A non-linear least squares computer analysis of steady-state kinetic data of ATP hydrolysis catalyzed by sheep kidney (Na +, K +-ATPase (ATP phosphohydrolase, EC 3.6.1.3) gives kinetic parameters of various enzyme intermediates. Chemical models that fit the whole group of experimental data allow an overview of the effects of varying concentrations of Mg 2+ and ATP on the ligand affinity and catalytic activity of the enzyme, and also make possible the following rationale in relation to the active transport of sodium and potassium across a cell membrane: In the presence of 60 mM of sodium and the absence of ATP, potassium binds favorably to the enzyme. This effective binding of potassium is consistent with extracellular binding of potassium prior to transport into a cell, because the extracellular medium consists of high sodium, low potassium and no ATP. Binding of potassium is decreased by free ATP and Mg · ATP complex. This “weakening” of potassium binding may be related to the low affinity sites of the enzyme for potassium inside a cell where ATP and Mg 2+ are present.

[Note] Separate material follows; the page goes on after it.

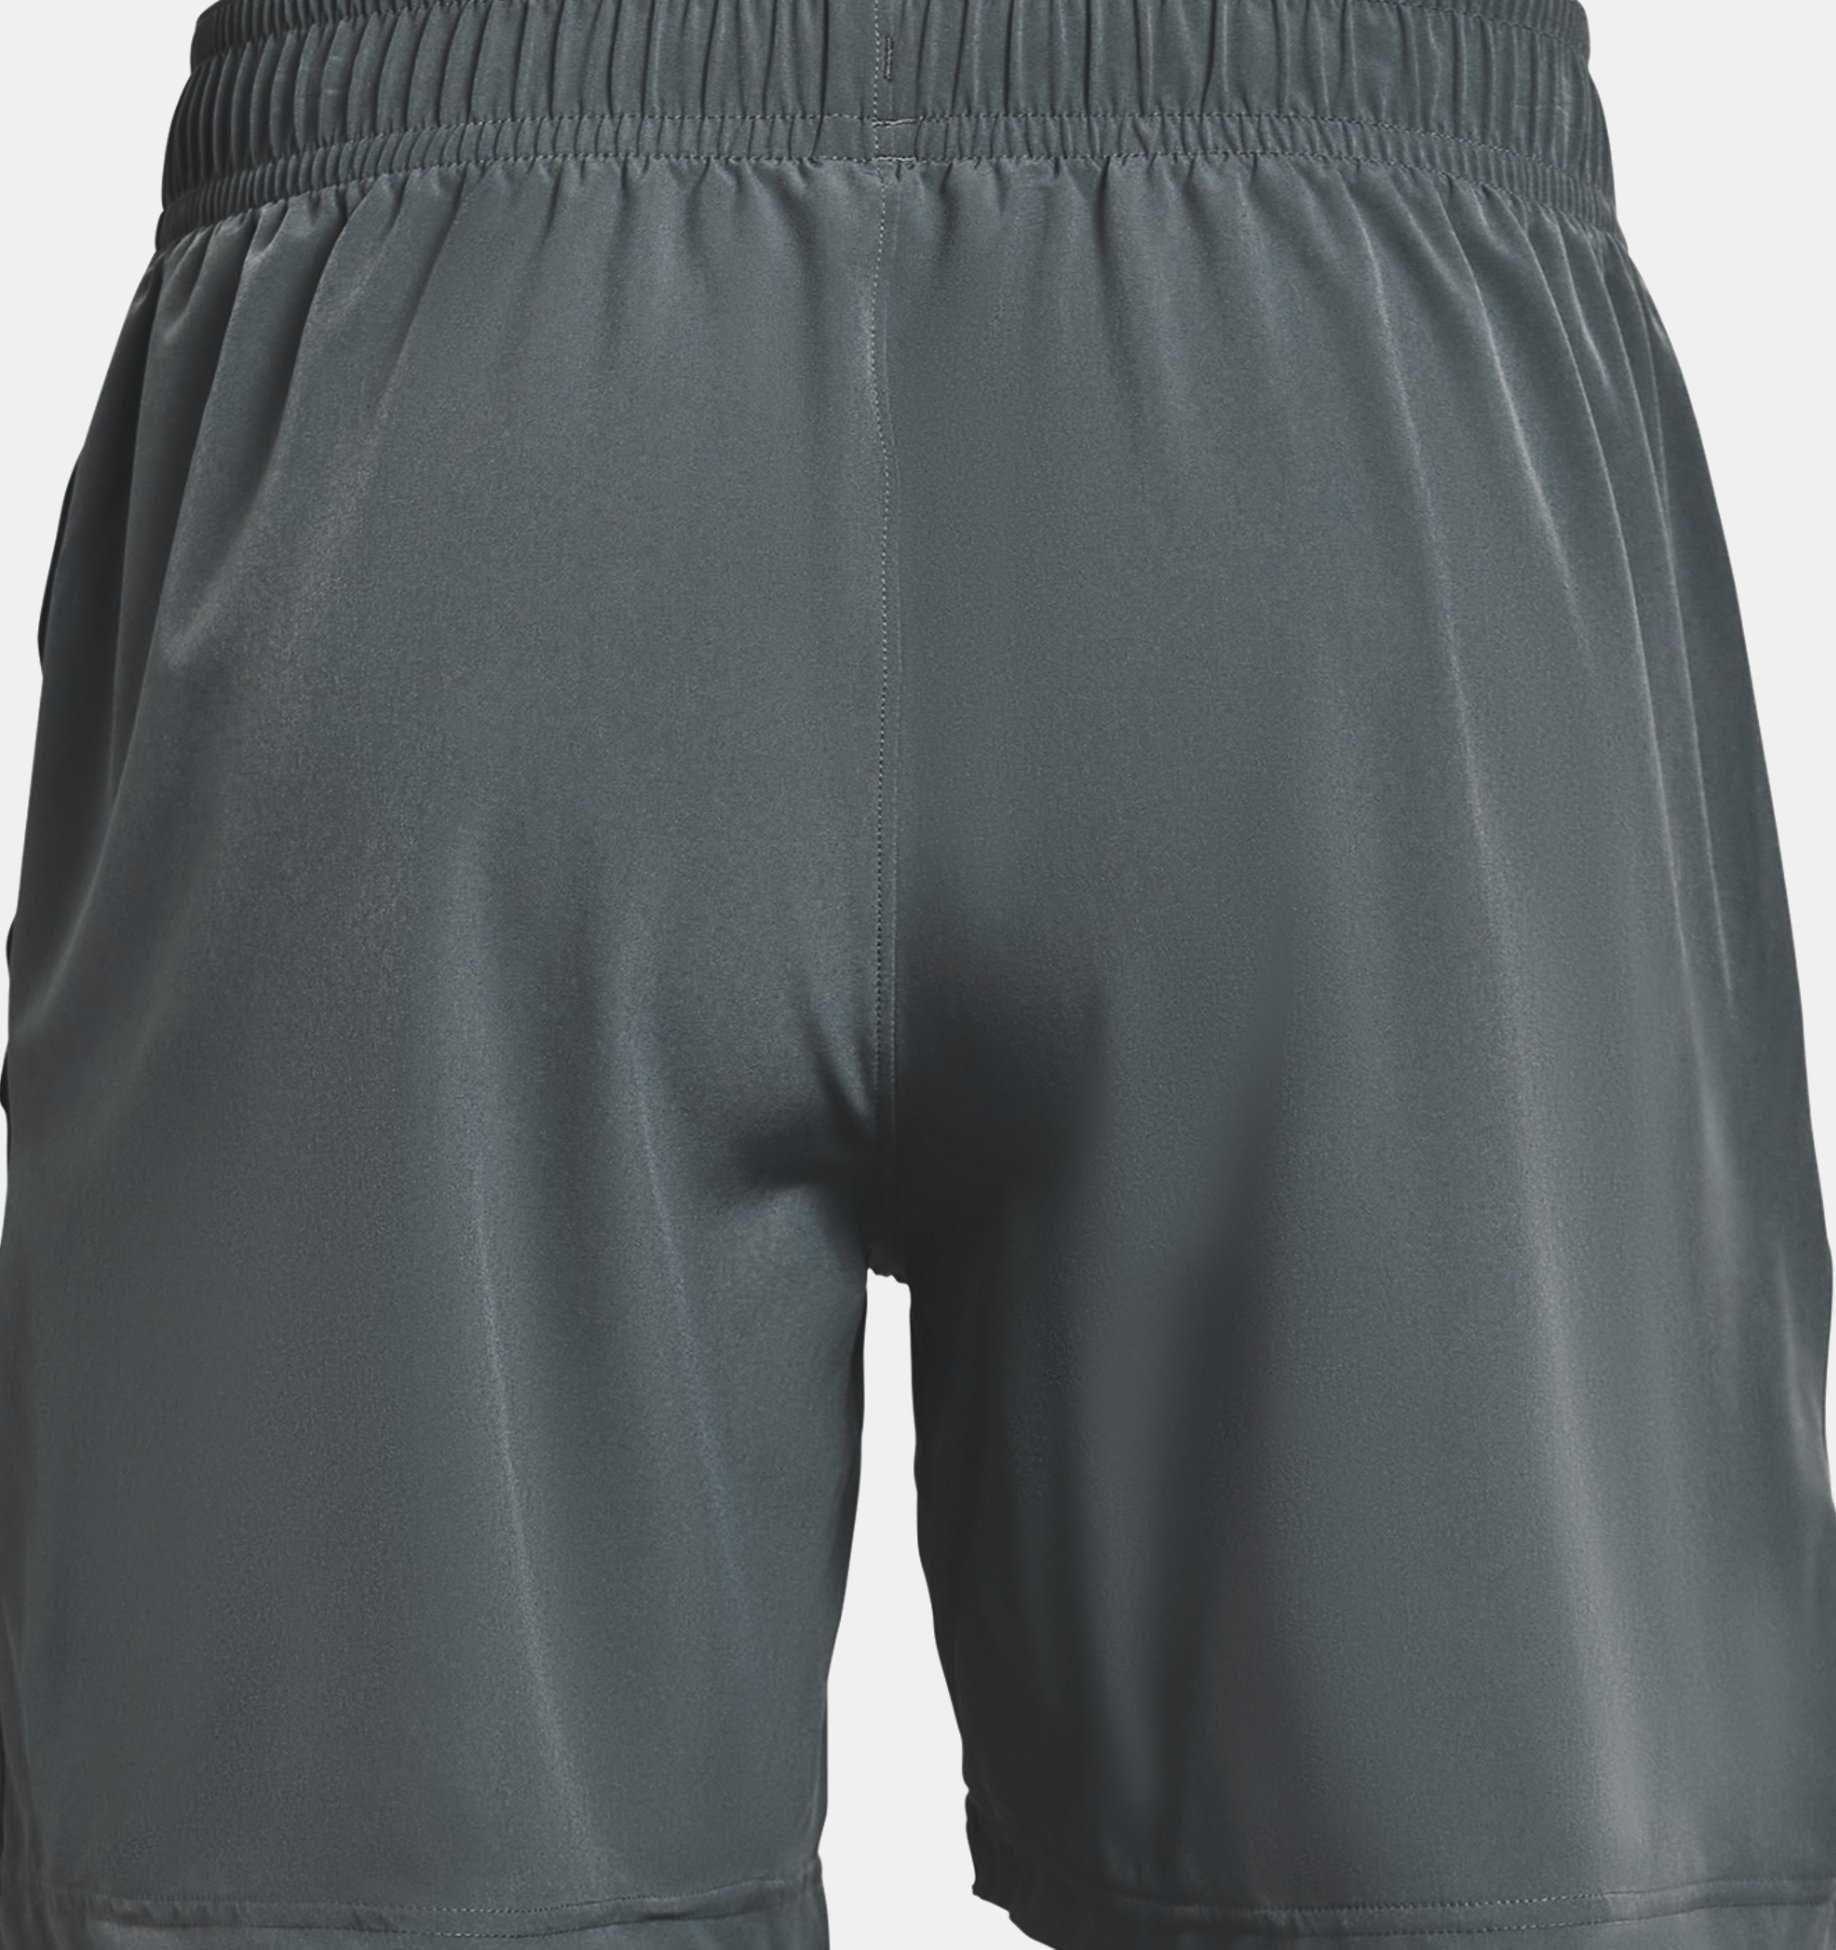 environ 17.78 cm Hommes Shorts de Course XL Neuf Avec étiquettes Bleu Ajustée HeatGear Under Armour Lancement unique Weave 7 in

In the presence of 10 mM potassium, binding of sodium is insignificant, but is stimulated by Mg 2+, ATP, and Mg · ATP. This is consistent with the intracellular event of sodium binding prior to transport out of the cell. The breakdown of the Mg · ATP-containing enzyme complexes may cause release of potassium into cell and put the enzyme in a form that does not bind sodium favorably in the absence of ATP; hence, sodium is released to extracellular medium which contains no ATP.